Saudi authorities held al-Doush without charge for over five months, during which he was repeatedly interrogated without a lawyer. On January 27, the judge informed al-Doush of the charges against him during his first hearing. The hearing was scheduled without prior notice and al-Doush had no legal representation at the hearing, a family member said. He learned then that the charges were based on deleted social media activity on his X account that dates back six years and an alleged association with an unidentified individual in the UK who is critical of Saudi Arabia, his lawyer in the UK told Human Rights Watch.

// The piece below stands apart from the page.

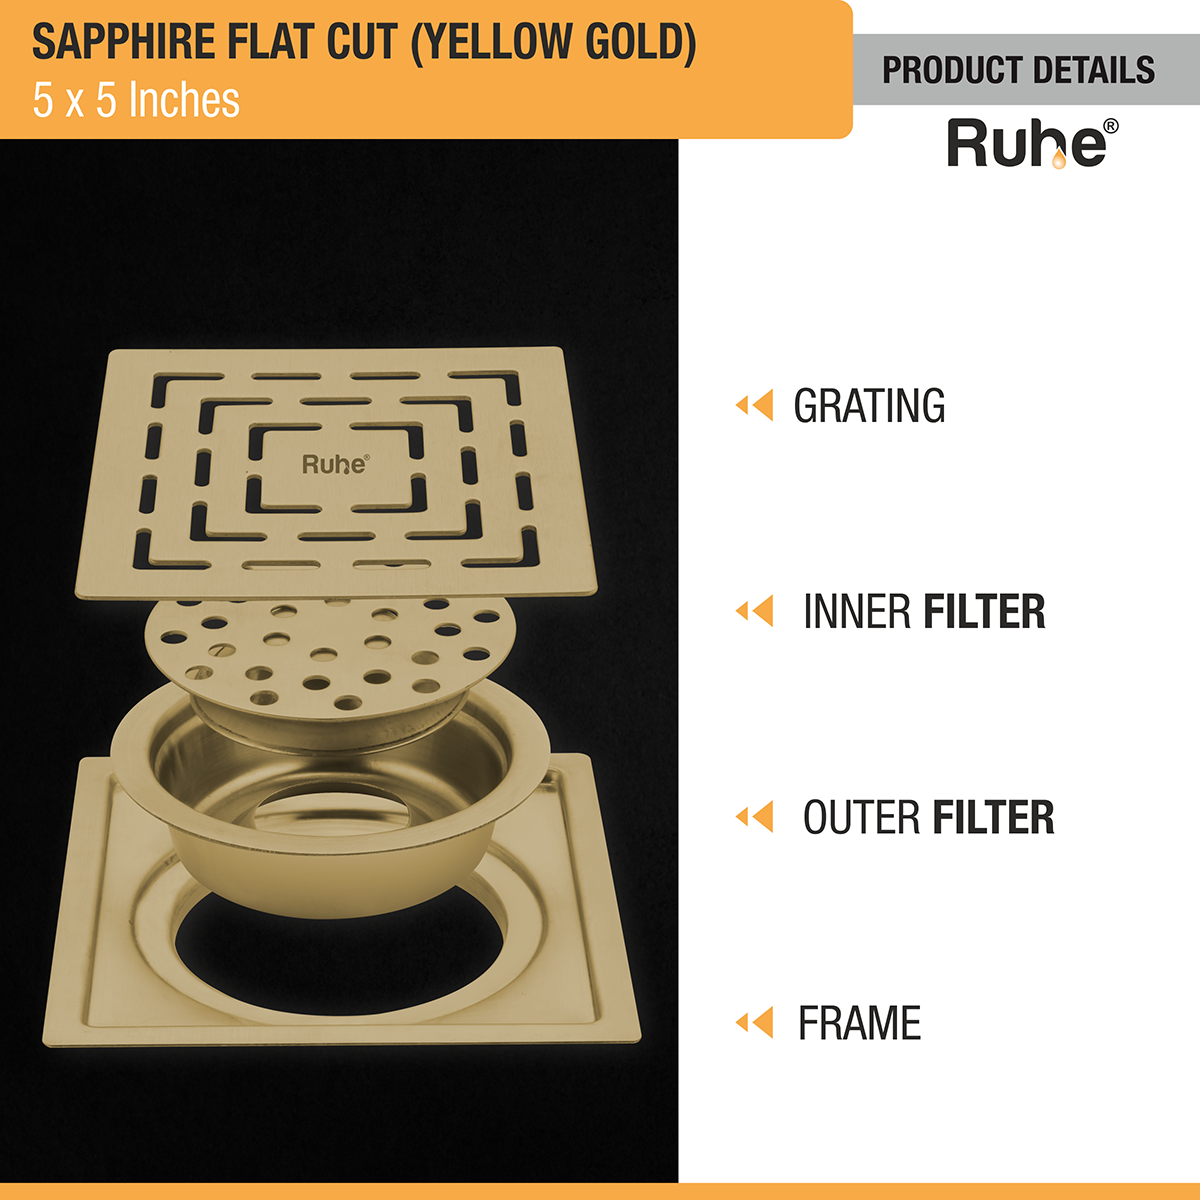 Sapphire Square Flat Cut Floor Drain in Yellow Gold PVD Coating (5 x 5 Inches) product details

Human Rights Watch continues to document rampant abuses in Saudi Arabia's criminal justice system, including long periods of detention without charge or trial, denial of legal assistance, reliance on torture-tainted confessions as the sole basis for conviction, and other systematic violations of due process and fair trial rights.
Saudi Arabia lacks a formal penal code, and a forthcoming penal code should fully comply with international human rights standards, Human Rights Watch said. Saudi authorities use overbroad and vague provisions of the counterterrorism law to silence dissent and persecute religious minorities. The law violates due process and fair trial rights by granting authorities wide powers to arrest and detain people without judicial oversight.
"Saudi Arabia's allies and the international community should not be fooled by the recent releases," Shea said. "Saudi authorities need to genuinely commit to reform by addressing systematic abuses within the country's criminal justice system and to release all those imprisoned for the mere exercise of their rights."